I have the following matrix of order four for which I have calculated the determinant using Laplace's method.
$$
\begin{bmatrix}
2 & 1 & 3 & 1 \\
4 & 3 & 1 & 4 \\
-1 & 5 & -2 & 1 \\
1 & 3 & -2 & -1 \\
\end{bmatrix}
$$
Finding the determinant gives me $-726$. Now if I check the result at Wolfram Alpha, it says the result is $-180$ (Because there are no zeros in the matrix, expand with respect to row one) so it uses only the first row to calculate the determinant of the matrix.

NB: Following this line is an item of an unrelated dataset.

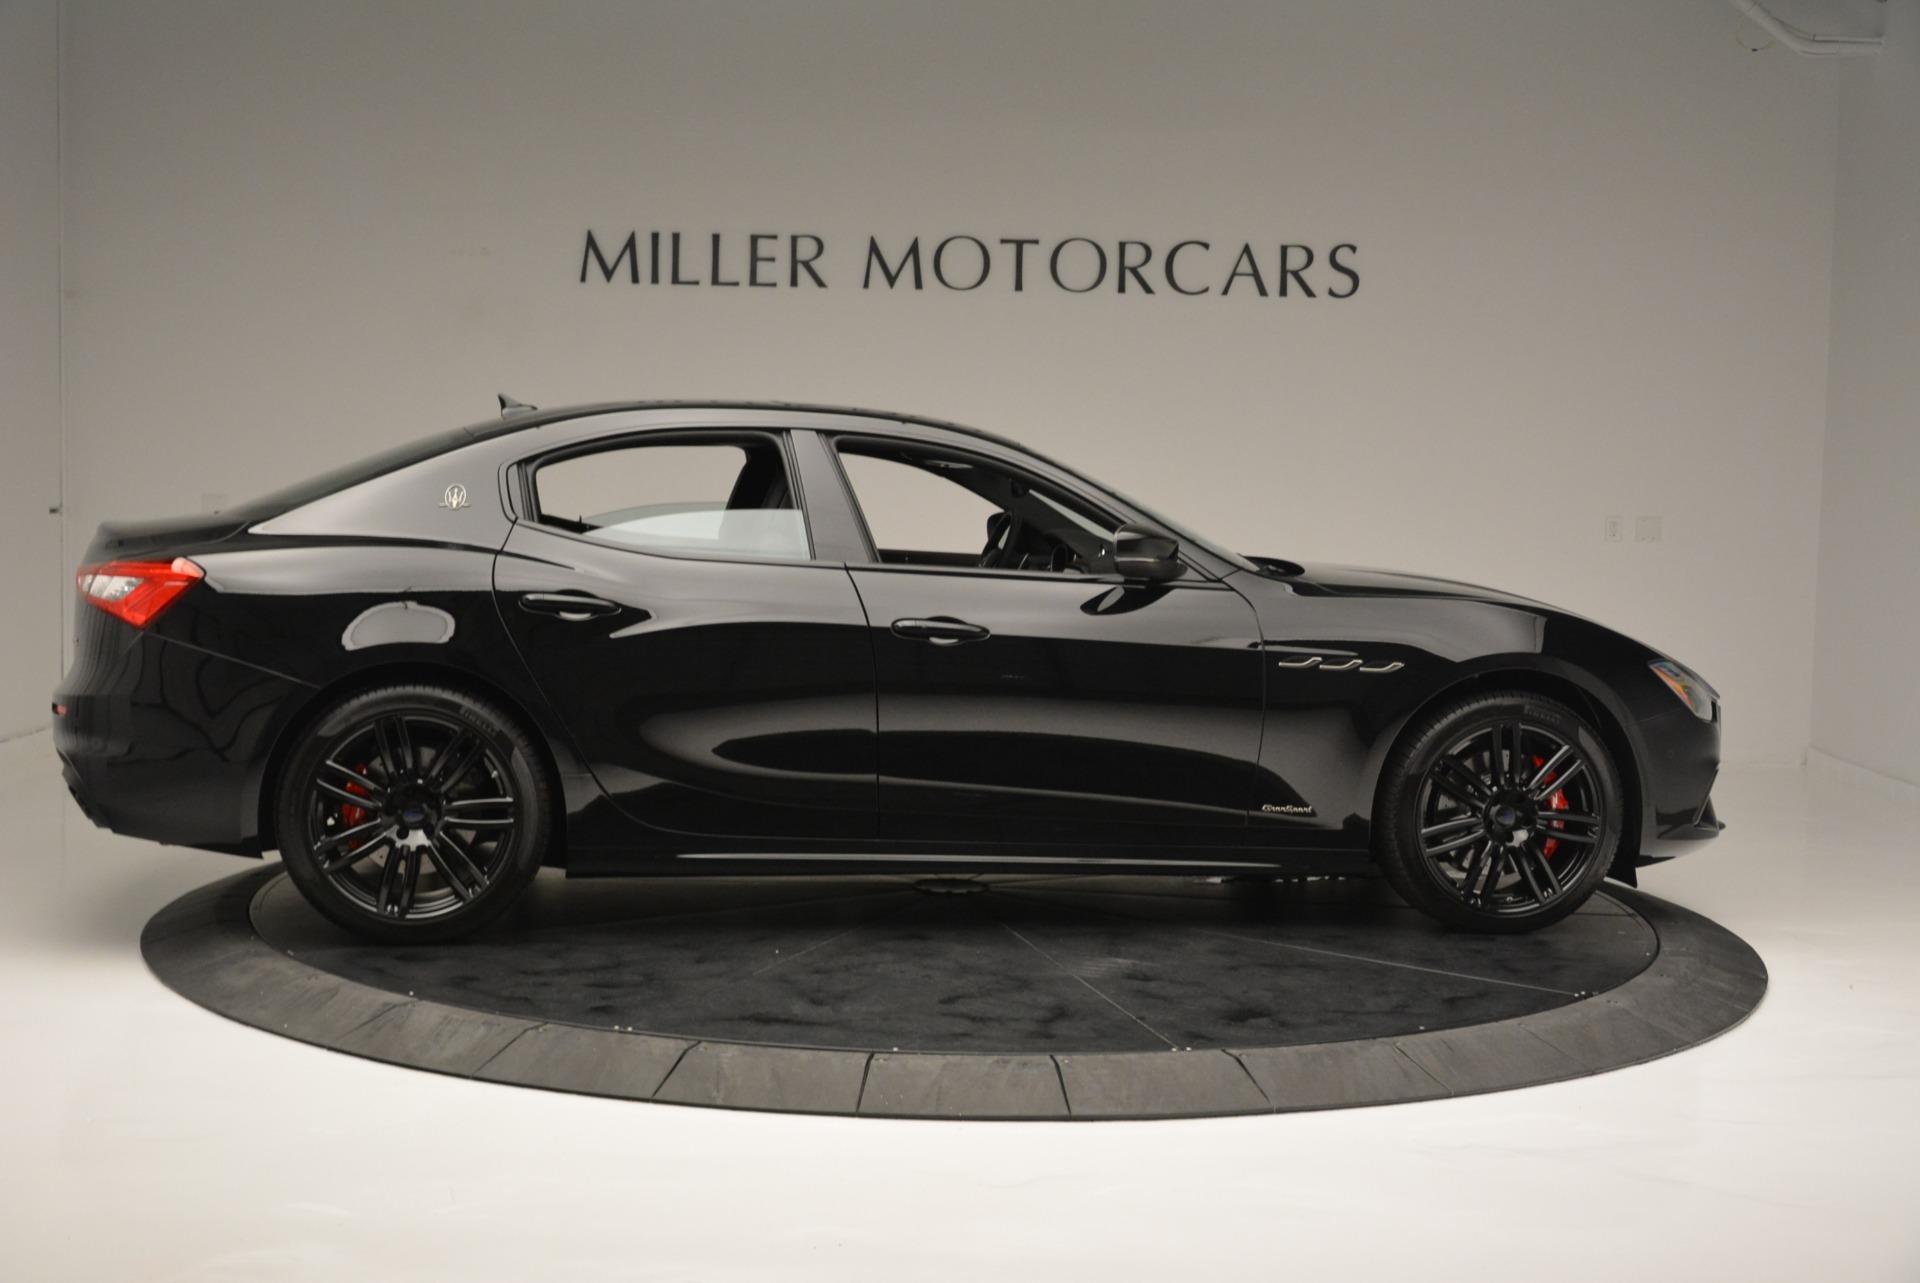 New 2018 Maserati Ghibli SQ4 GranSport Nerissimo For Sale In Westport, CT 2368_p9
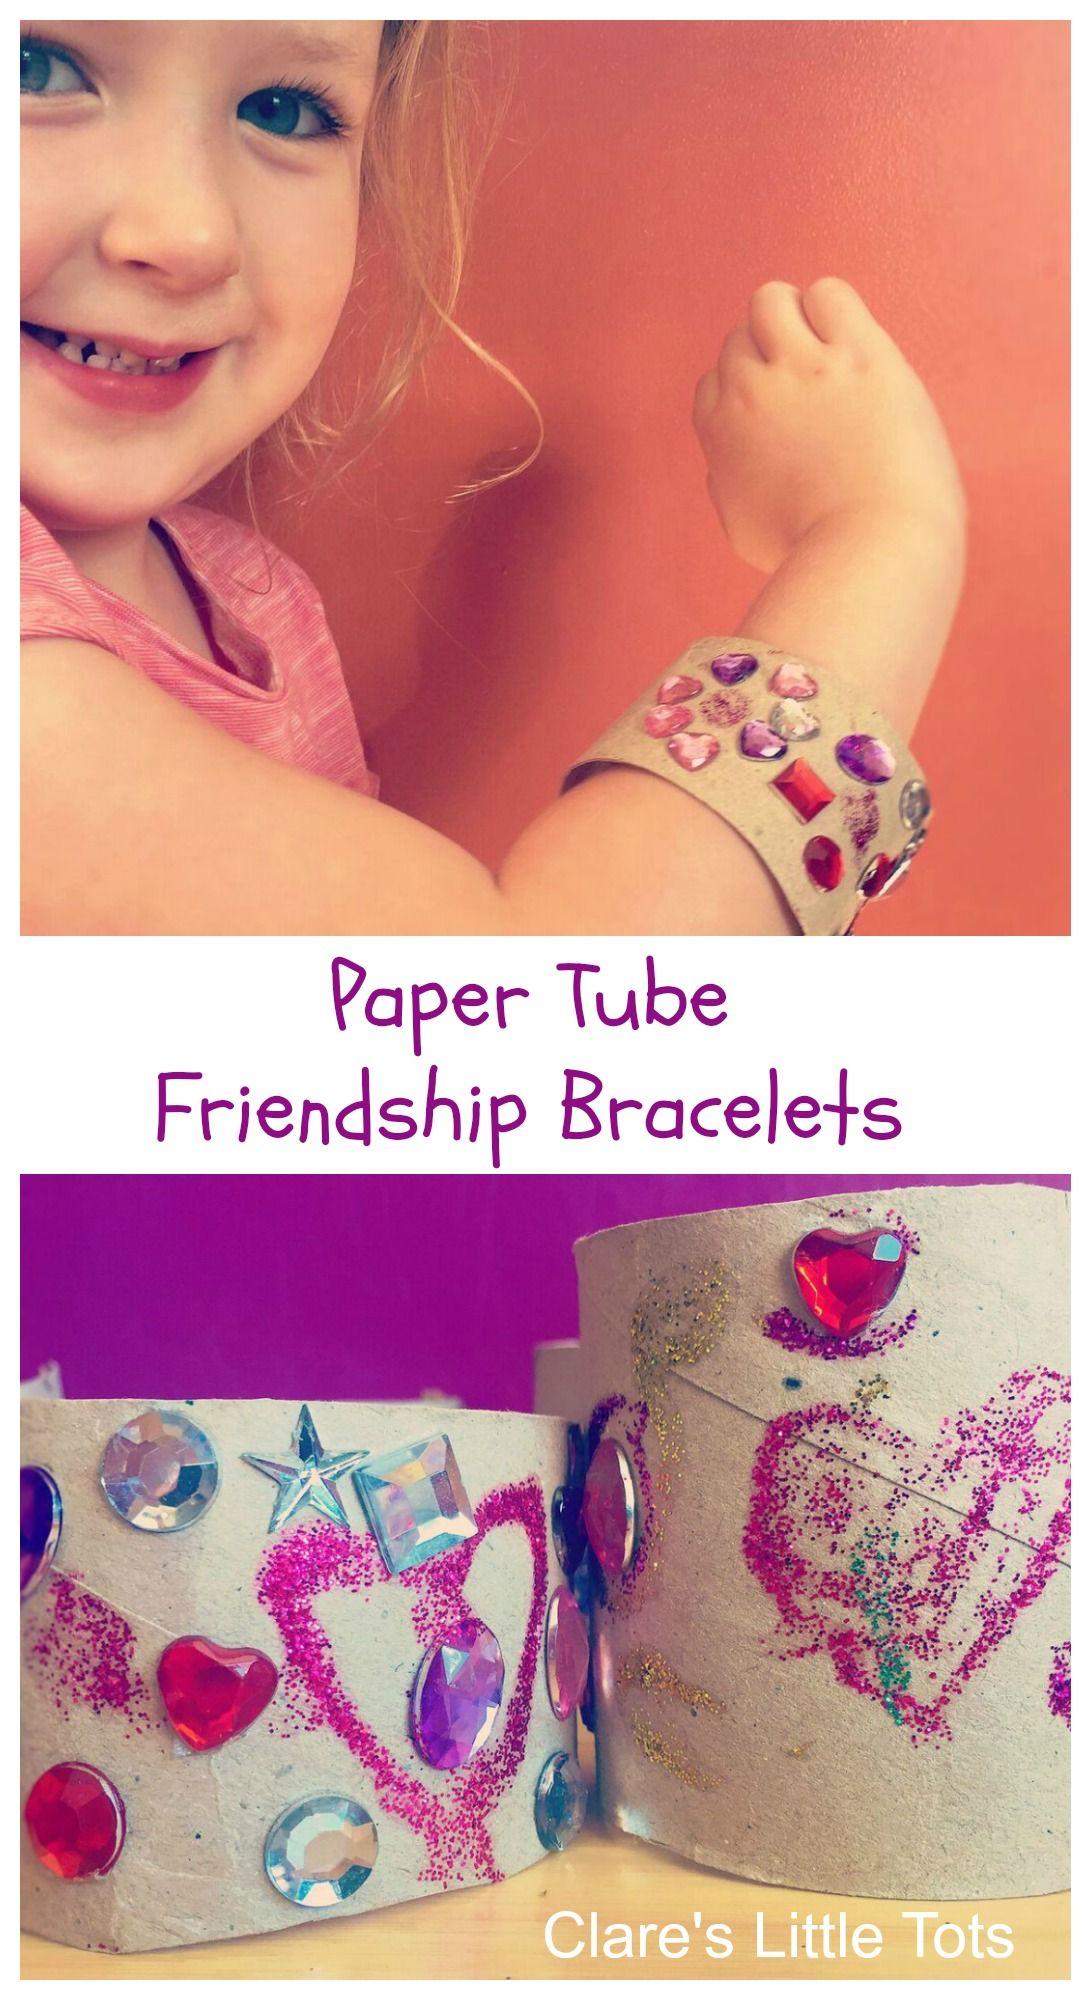 Paper Tube Friendship Bracelets

My question is: Why it uses only the first row to find the determinant?
Best Answer
The Laplace development can be performed with respect to any row or column. Let's see when developing with respect to the first row: \begin{align} \det\begin{bmatrix} 2 & 1 & 3 & 1 \\ 4 & 3 & 1 & 4 \\ -1 & 5 & -2 & 1 \\ 1 & 3 & -2 & -1 \end{bmatrix}={}& (-1)^{1+1}\cdot 2 \cdot \det\begin{bmatrix} 3 & 1 & 4 \\ 5 & -2 & 1 \\ 3 & -2 & -1 \end{bmatrix}+{}\\ &(-1)^{1+2}\cdot 1 \cdot \det\begin{bmatrix} 4 & 1 & 4 \\ -1 & -2 & 1 \\ 1 & -2 & -1 \end{bmatrix}+{}\\ &(-1)^{1+3}\cdot 3\cdot \det\begin{bmatrix} 4 & 3 & 4 \\ -1 & 5 & 1 \\ 1 & 3 & -1 \end{bmatrix}+{}\\ &(-1)^{1+4}\cdot1\cdot \det\begin{bmatrix} 4 & 3 & 1 \\ -1 & 5 & -2 \\ 1 & 3 & -2 \end{bmatrix} \end{align} Now you can go on by computing the determinants of the four $3\times3$ matrices with the same (or another) method. The final result is indeed $-180$.
When one row or column has many zeroes it's convenient to use that one, but any row or column can be used.